In the light of Unsworth’s seminal work on scholarly primitives and early initiatives to understand the nature and capture the variety of digital methods and tools in the humanities through classifications (such as the AHDS Taxonomy of Computational Methods and the AHRC ICT Methods Network), the endeavour to understand and explicitly model  scholarly processes found its place in the agenda of DARIAH as early as the preparatory phase. The Scholarly Research Activity Model1 was then formulated, followed by the NeDiMAH Methods Ontology (NeMO) which was developed within the NeDiMAH project and was subsequently adopted and supported by DARIAH VCC2 through the DiMPO WG. NeMO aimed at capturing the scholarly research process through a set of concepts representing the main elements of the humanities research ecosystem, their intrinsic structure, and the relations among them. The explicit representation of relations among concepts enables representations of research processes in the form of semantic networks best suited for associative, exploratory search and inference. Taxonomies, on the other hand, such as those above or TaDiRAH (developed by DARIAH-DE), can be incorporated as hierarchical term dictionaries in NeMO. The development of NeMO was informed by the extensive empirical study of scholarly information practices, needs and attitudes performed by the DiMPO WG across Europe, and was validated in a series of workshops. In subsequent work related to DARIAH-GR, a streamlined process (Research Spotlight) was developed to extract information from research articles, enrich it with relevant information from other Web sources, organize it according to the domain-neutral part of NeMO (appropriately elaborated, called Scholarly Ontology), and republish it in the form of linked data. This enables compiling semantic graph databases capturing who has done what, how, why and with what results.

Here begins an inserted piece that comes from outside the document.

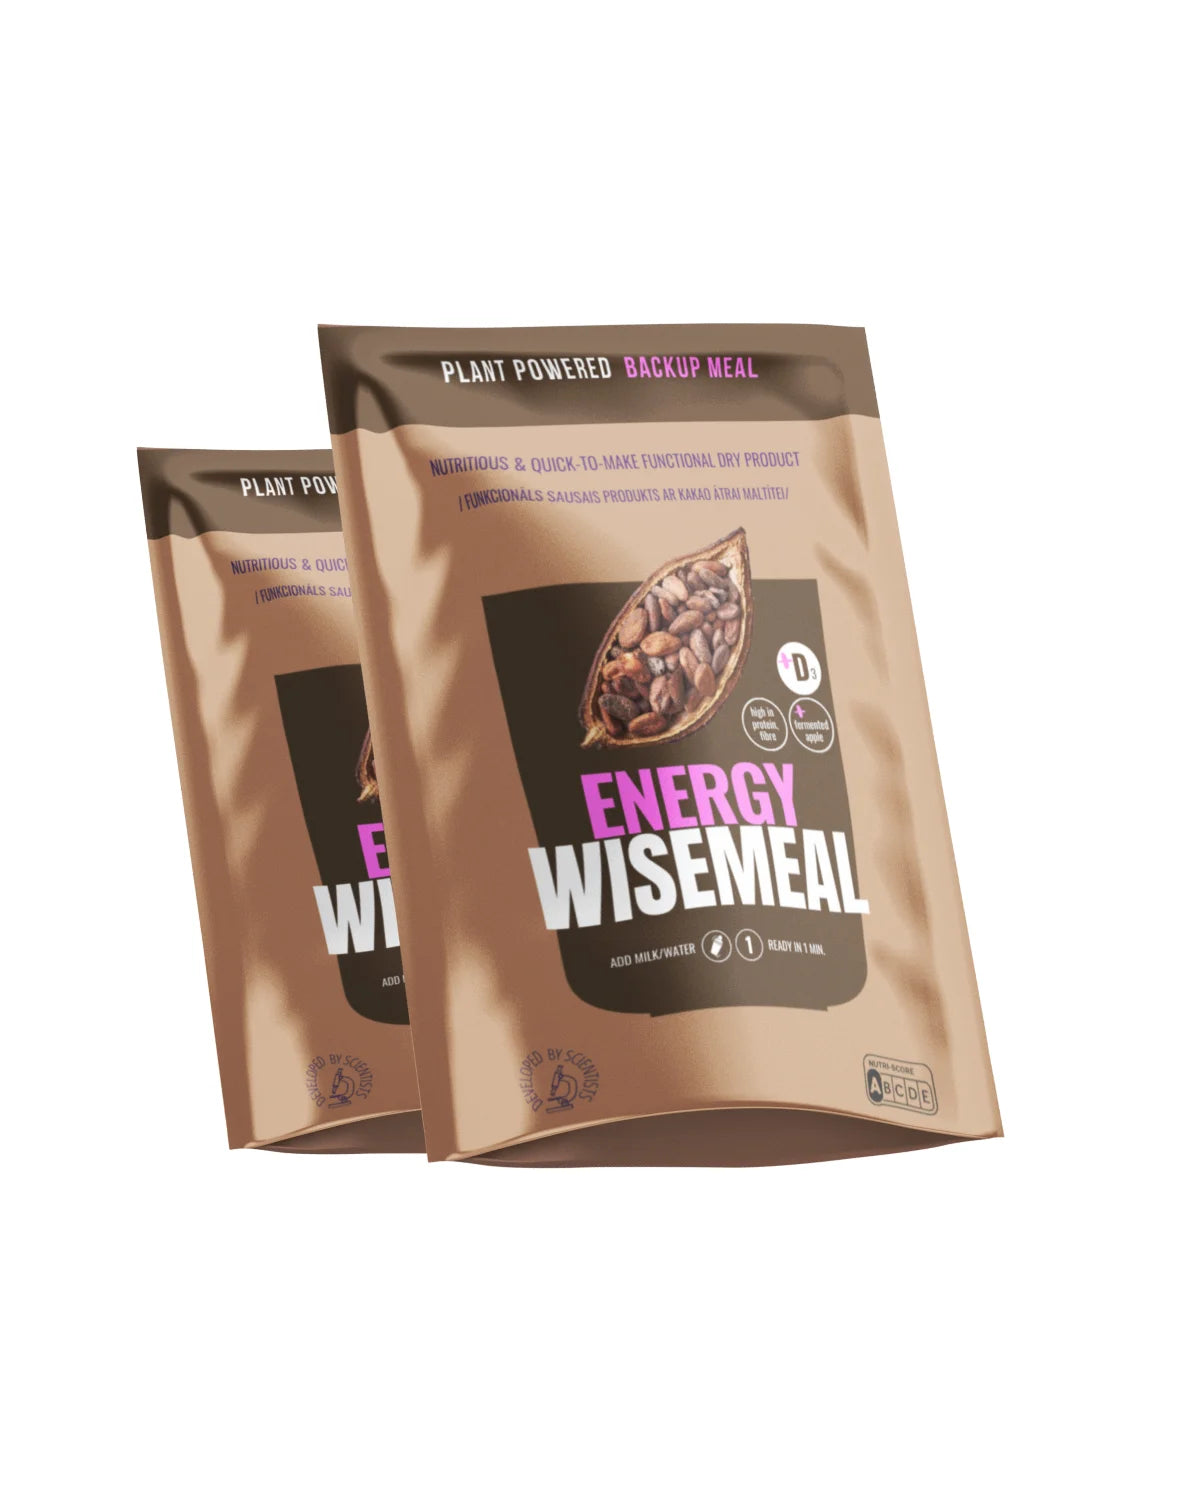 "Energy" WISEMEAL with cacao for protein rich smothy

We propose a synergy session in which the WGs involved will jointly explore the recording and analysis of actual and/or prototypical instances of work processes in their respective domains of interest and the compilation of semantic graph databases supporting advanced documentary and analytical work. The Digital Practices for the Study of Urban Heritage and the GeoHumanities WGs will put forward different classes of problems, yet all of them calling for heavy use of highly differentiated digital methods and corresponding goals. They will thus present complementary views on all aspects of the research process. For example, drawing on FRBRoo and the IfcOWL ontology, and going beyond previous efforts in linking Building Information Modelling elements with a conservation ontology, the proposed effort to bring together the WGs above will highlight the challenges of using a CIDOC CRM – based modelling approach to structure logically more diverse architectural data (i.e., structure, typology and usage) at a scale larger than a building, e.g., clusters of heritage buildings, forming streets and neighbourhoods of cultural and historical value. The Digital Methods and Practices Observatory WG will offer NeMO and its streamlined application as methodological framework. We expect the session to initiate collaboration among the WGs that will lead to an enriched conceptualization of their own domains, an appreciation of common (and non-common) patterns and, possibly, joint work on developing semantic graph compendium(s) of digital practices.